Cell-Polarity Dynamics Controls the Mechanism of Lumen Formation in Epithelial Morphogenesis

The correct targeting and trafficking of the adherens junction protein epithelial cadherin (E-cadherin) is a major determinant for the acquisition of epithelial cell polarity and for the maintenance of epithelial integrity. The compartments and trafficking components required to sort and transport E-cadherin to the basolateral cell surface remain to be fully defined. On the basis of previous data, we know that E-cadherin is trafficked via the recycling endosome (RE) in nonpolarized and newly polarized cells. Here we explore the role of the RE throughout epithelial morphogenesis in MDCK monolayers and cysts.
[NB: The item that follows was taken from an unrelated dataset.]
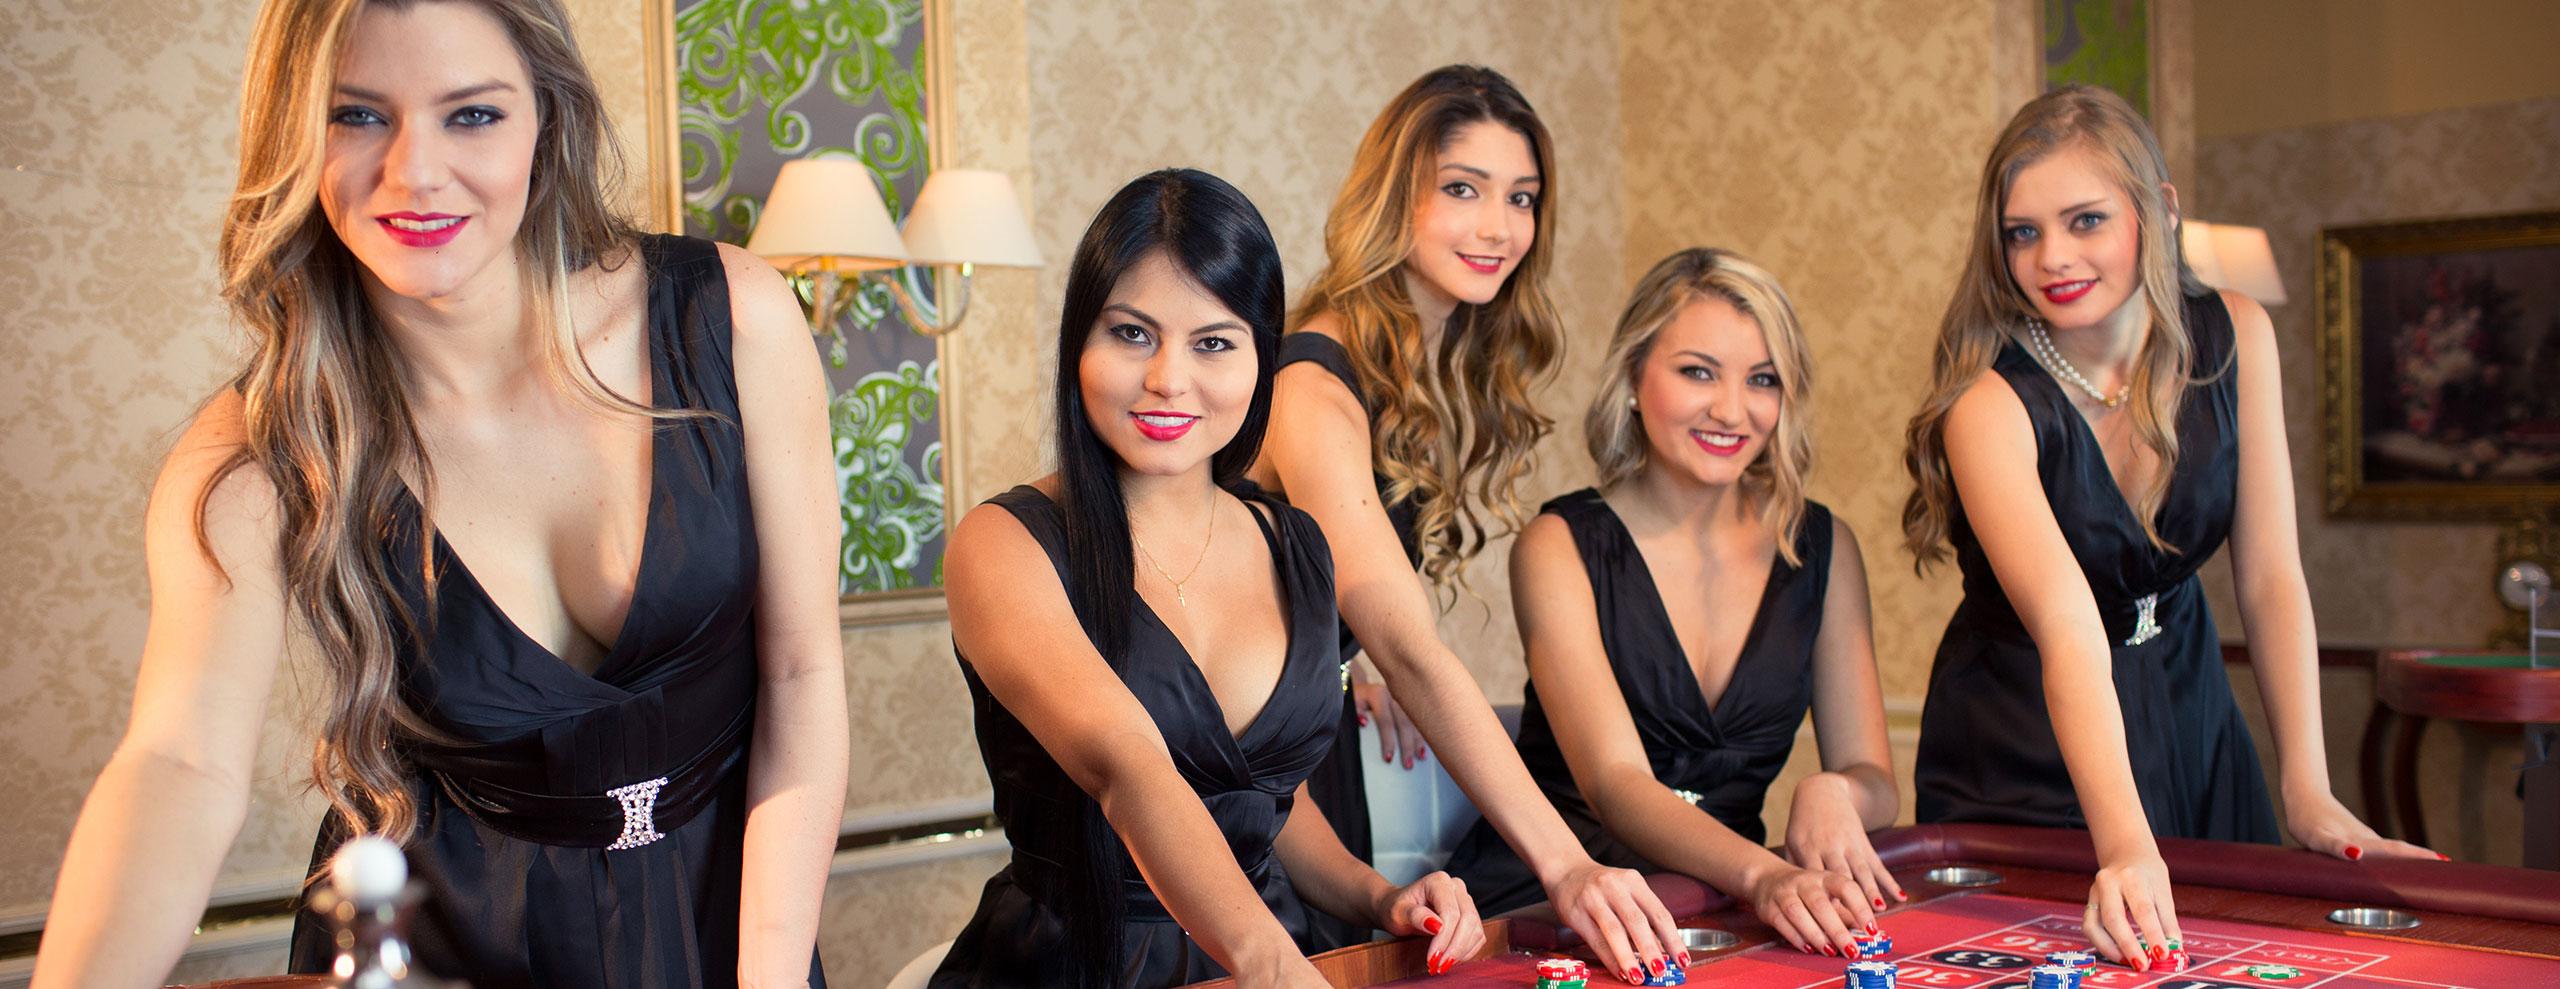 QQ Poker Online - Situs Judi Resmi IDNPOKER Terpercaya

Time-lapse microscopy in live cells, altering RE function biochemically, and expressing a dominant-negative form of Rab11 (DN-Rab11), each showed that the RE is always requisite for E-cadherin sorting and trafficking. The RE remained important for E-cadherin trafficking in MDCK cells from a nonpolarized state through to fully formed, polarized epithelial monolayers. During the development of epithelial cysts, DN-Rab11 disrupted E-cadherin targeting and trafficking, the subapical localization of pERM and actin, and cyst lumen formation. This final effect demonstrated an early and critical interdependence of Rab11 and the RE for E-cadherin targeting, apical membrane formation, and cell polarity in cysts.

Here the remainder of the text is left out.